Hi Shailendra,
Thanks for the report. I'll get back to you tomorrow on this when I look
more at the code.
Regards,
Tim.
Shailendra Tripathi wrote:
Hi,
While changing the (current default) number of inode allocated at
once, I found two things a bit unexpected:
Section A:
----------
xfs_buf_item_init()
/*
* chunks is the number of XFS_BLI_CHUNK size pieces
* the buffer can be divided into. Make sure not to
* truncate any pieces. map_size is the size of the
* bitmap needed to describe the chunks of the buffer.
*/
chunks = (int)((XFS_BUF_COUNT(bp) + (XFS_BLI_CHUNK - 1)) >>
XFS_BLI_SHIFT);
map_size = (int)((chunks + NBWORD) >> BIT_TO_WORD_SHIFT); ---> 2
For 4096 block page (linux default), one map is required per page.
Given this, line 2 appears odd.

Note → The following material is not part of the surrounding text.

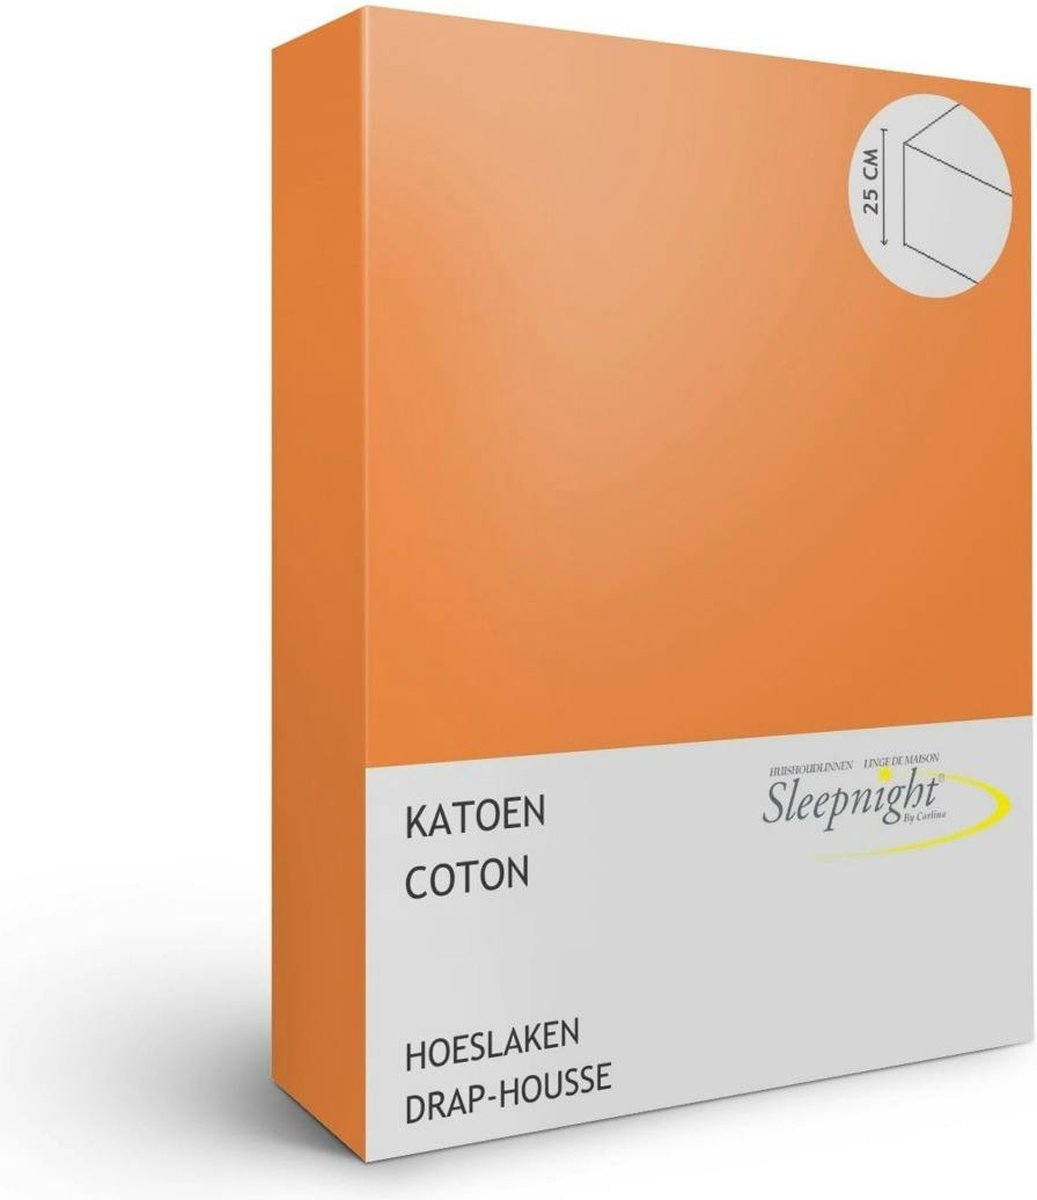 Sleepnight Hoeslaken - Oranje orangeKatoen - LP863537 - B 90 x L 200 cm - Eenpersoons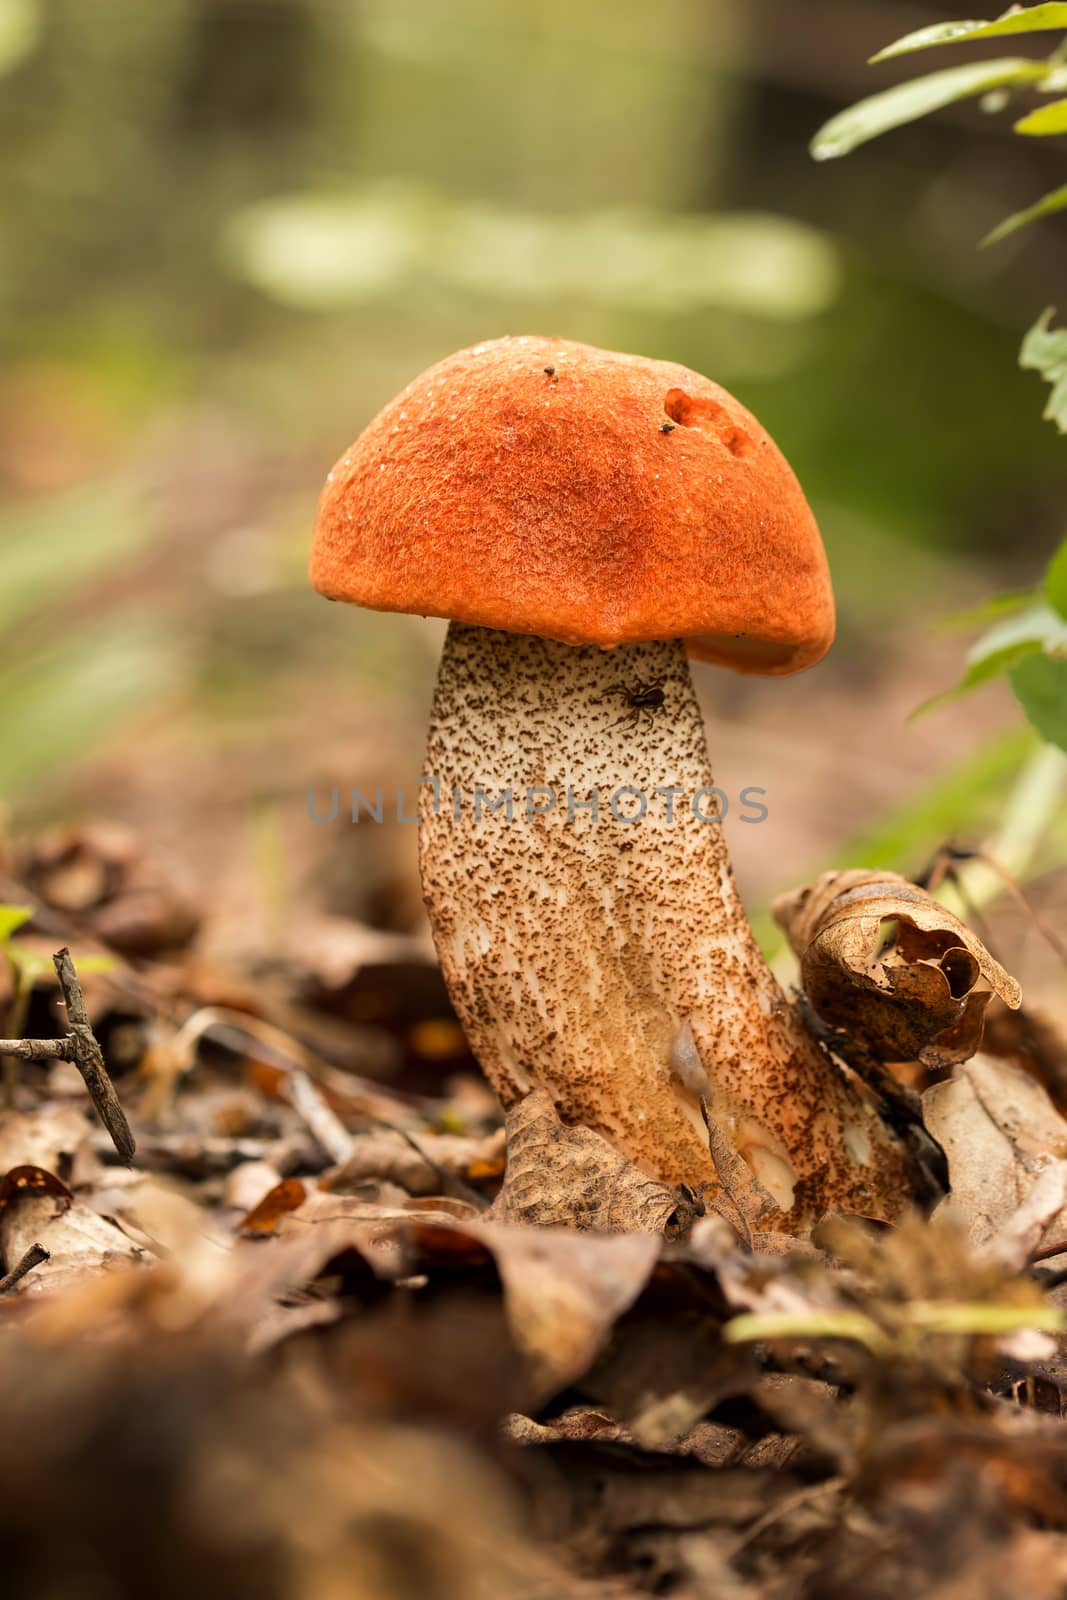 Edible mushroom species,red-capped

Instead, it should be
map_size = (int)((chunks + NBWORD -1) >> BIT_TO_WORD_SHIFT);
Also, chunks calculation may go well off the mark of the blocks are not
page aligned. The code does not block alignment check. It only checks
for sectoral alignment. For example, lets say I need 32768
pb_buffer_length. However, the offset is not 4096 aligned. Lets say it
starts at, 2048. Given this, _pagebuf_lookup_pages will prepare 8 + 1 pages.
page_count = page_buf_btoc(end) - page_buf_btoct(bp->pb_file_offset);
In this case, chunks calculated will suffice for only 8 pages. In this
particular case, the statement 2 makes amend for it and allocates
correct map size. But, it oversteps when the offset is block (4096)
aligned. That is, if offset was 0, still it will allocate 9 pages.
It affects the xfs_next_bit called in xfs_buf_item_size and
xfs_buf_item_format. If last chunk of the 8 blocks allocated are dirty,
the code will over step into 9th (which might be not even cached) page
and potentially return in "unable to handle paging request". This is
because the xfs_next_bit will not return -1 as it does not see the end
due to map size overstepping.
Instead, the calculation should rely on page count directly as
XFS_PAGE_COUNT(bp) bp->bp_page_count.
Section B:
---------
xfs_init()
.....
/*
* The size of the zone allocated buf log item is the maximum
* size possible under XFS. This wastes a little bit of memory,
* but it is much faster.
*/
xfs_buf_item_zone =
kmem_zone_init((sizeof(xfs_buf_log_item_t) +
(((XFS_MAX_BLOCKSIZE / XFS_BLI_CHUNK) /
NBWORD) * sizeof(int))),
"xfs_buf_item");
This restricts the Maximum Possible blocks which can be dirtied in a
buf item to 17 pages (xfs_buf_log_item_t contains one map and + part
yields 16 maps). It appears very inflexible scheme.
I am trying to allocate inodes in data stripe width at a time. One
representative stripe width is 32 blocks (4096). However, due to this
limitation (which I noticed after very late), it looks impossible.
I will really appreciate if one can comment if I have misunderstood
something.
Regards,
Shailendra
|